Bettina Allamoda’s work takes methodological approaches first developed in the 1960s – not least by Arte Povera artists – to new frontiers. These new frontiers are those of a radically changed technological and ideological landscape, in a multi-polar, post-Cold-War world, connected by digital communication – and disconnected by the widening gap between the rich and the poor. What are the strategies of the powerful to control that environment? What do the powerless do to survive? And what are the tactics of those who still try to enjoy life amidst the mess? Cinema movies, buildings, television sets, even objects like crowd barriers or stretch fabric for fitness clothing are symptomatically shaped by these developments. Allamoda makes collages, sculptures, and installations that conjoin these developments into hybrid, surreal constellations.

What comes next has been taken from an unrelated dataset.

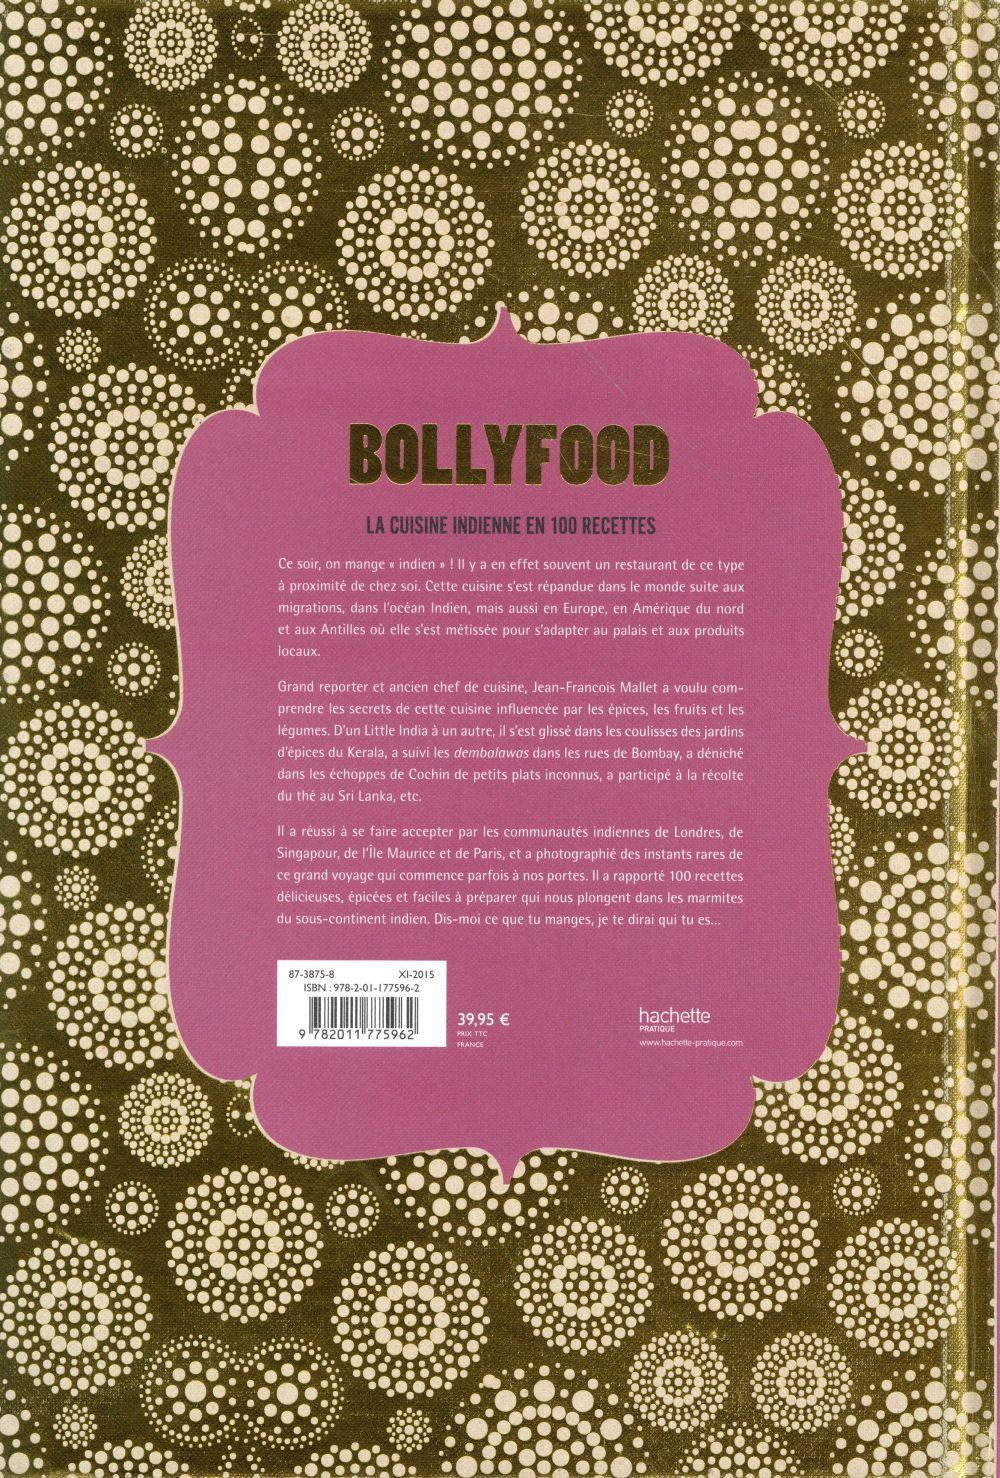 bollyfood
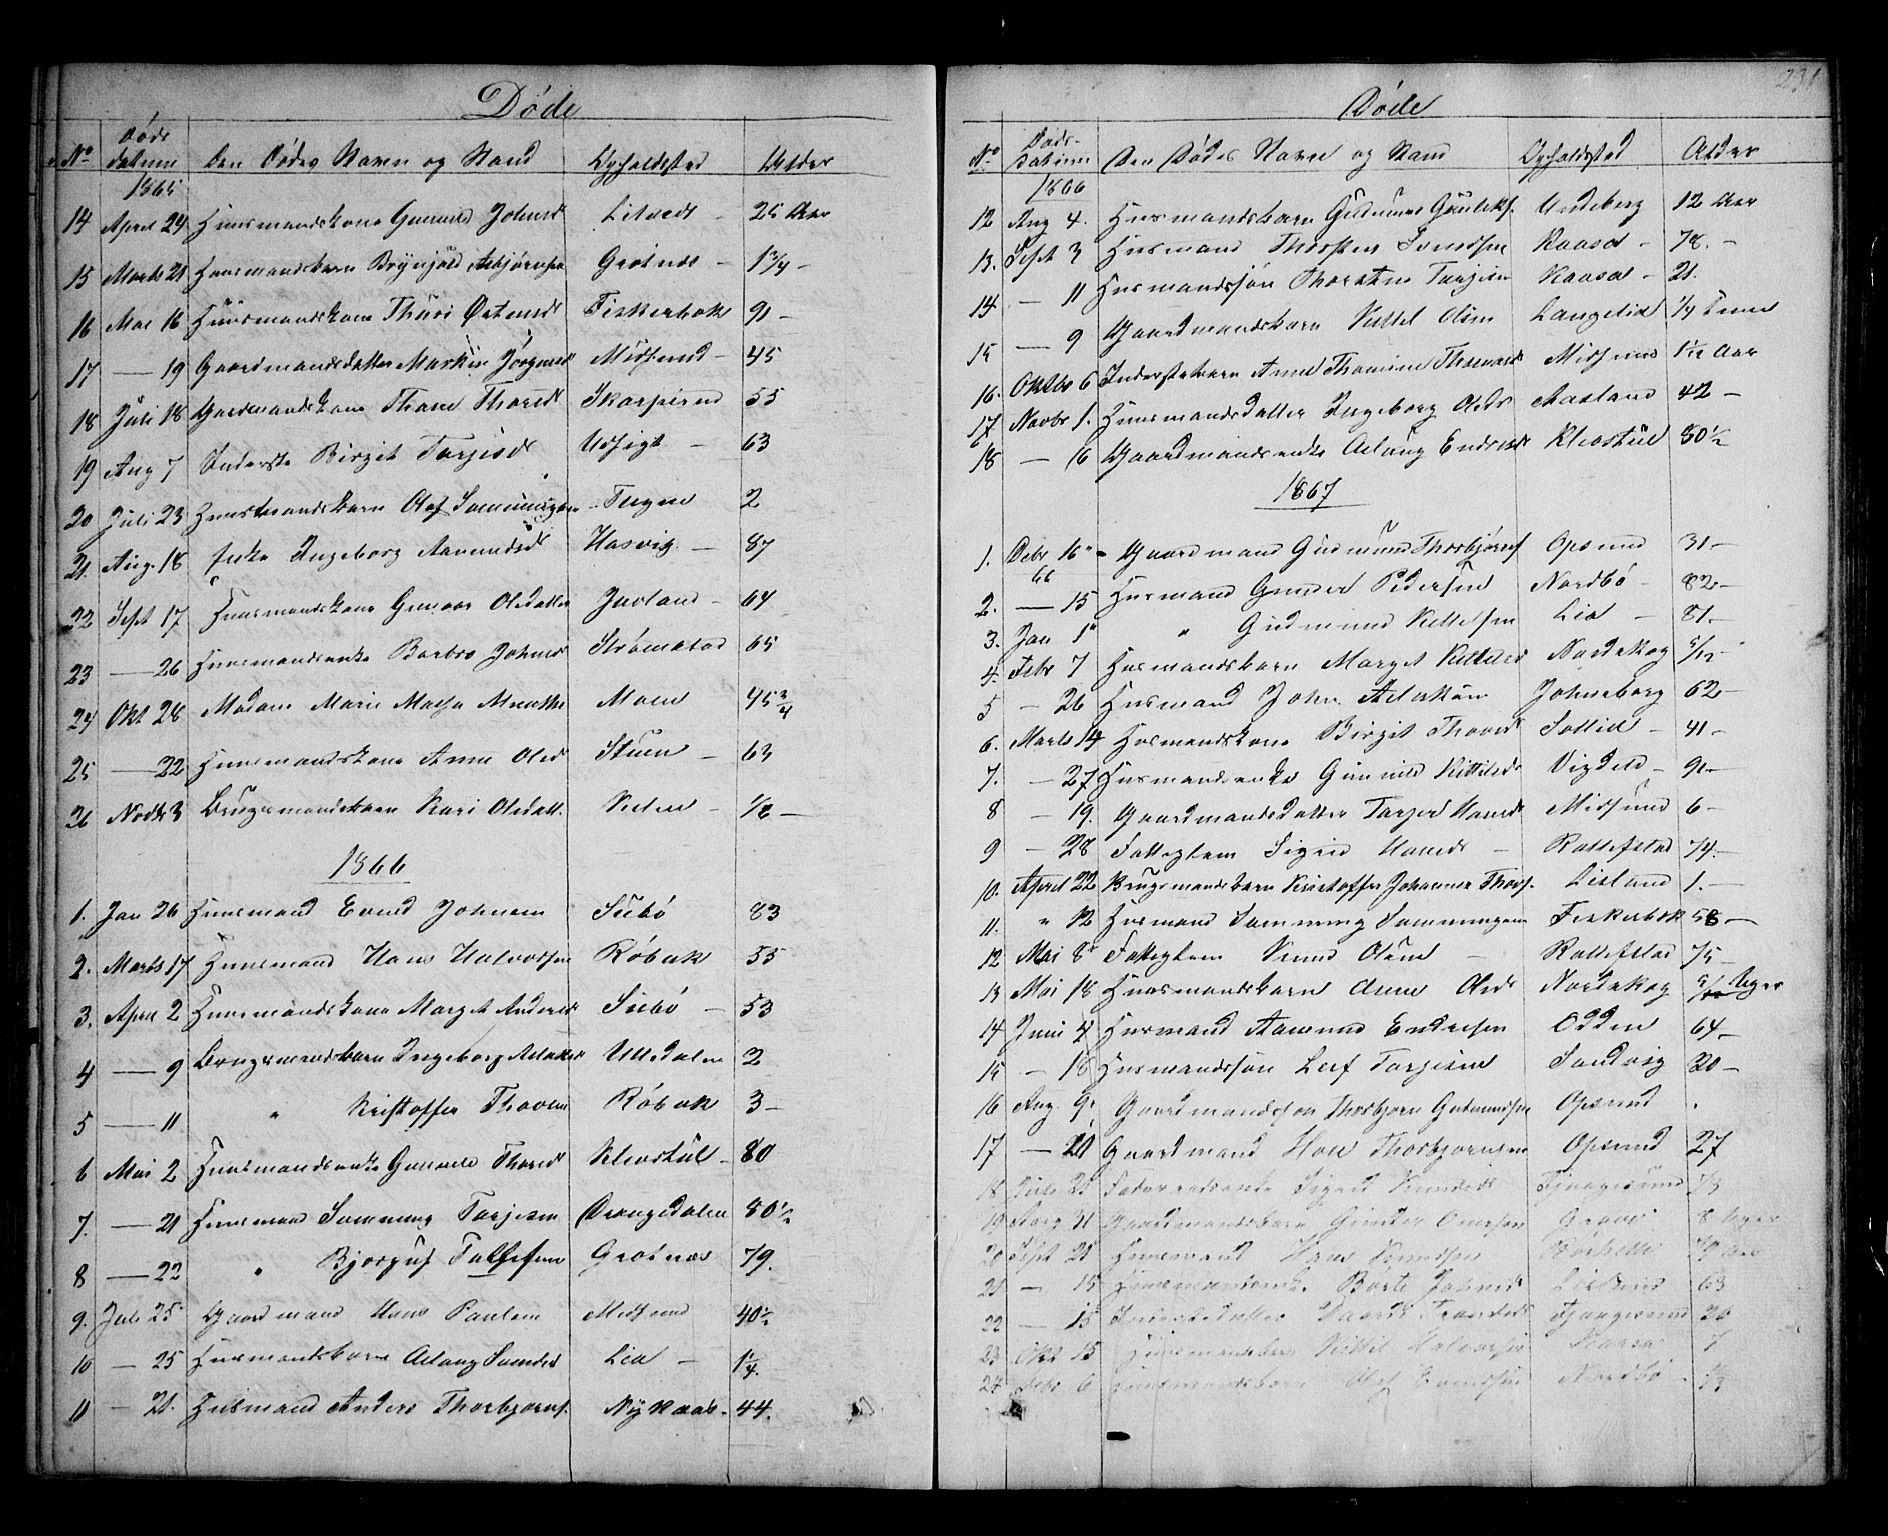 SAKO, Kviteseid kirkebøker, G/Ga/L0001: Klokkerbok nr. I 1, 1850-1893, s. 231

In a Giovanni Anselmo piece such as Torsione (1968), physical energy is literally stored by wringing a piece of leather on top of a concrete cube around its axis with a wooden bar that is eventually jammed against the wall; in an Allamoda piece like Bed Bondage Sculpture #3 (2010), a piece of black and velvet synthetic leather is wrung around what looks like a bar stool (but is a sculptor’s modeling stand), fixing it against the wall like a leaping Batman, thus ‘storing’ physical as well as ideological energy – all of which she did amidst an exhibition (at September gallery in Berlin) dealing with the military-industrial complex and fantasies of invincibility and being obsessed in the wake of the Iraq War.
For her multi-part project especially conceived for the spaces of Fondazione Morra Greco, Allamoda is working with materials and images partly sourced in Naples: barrier or plexiglass objects are entangled in complex balances and imbalances by way of fabrics and plastic foils stretched or wrung around them, forming precarious sculptures, reminiscent of 1970s TV studio dreams as much as futurist dystopian nightmares – Gameshow meets Robocop. Physical experience is warped through media experience, and vice versa: this is what Allamoda transfers into the realm of sculpture and collage, formalizing it into an abstracted yet physically concrete, sensory-spatial experience.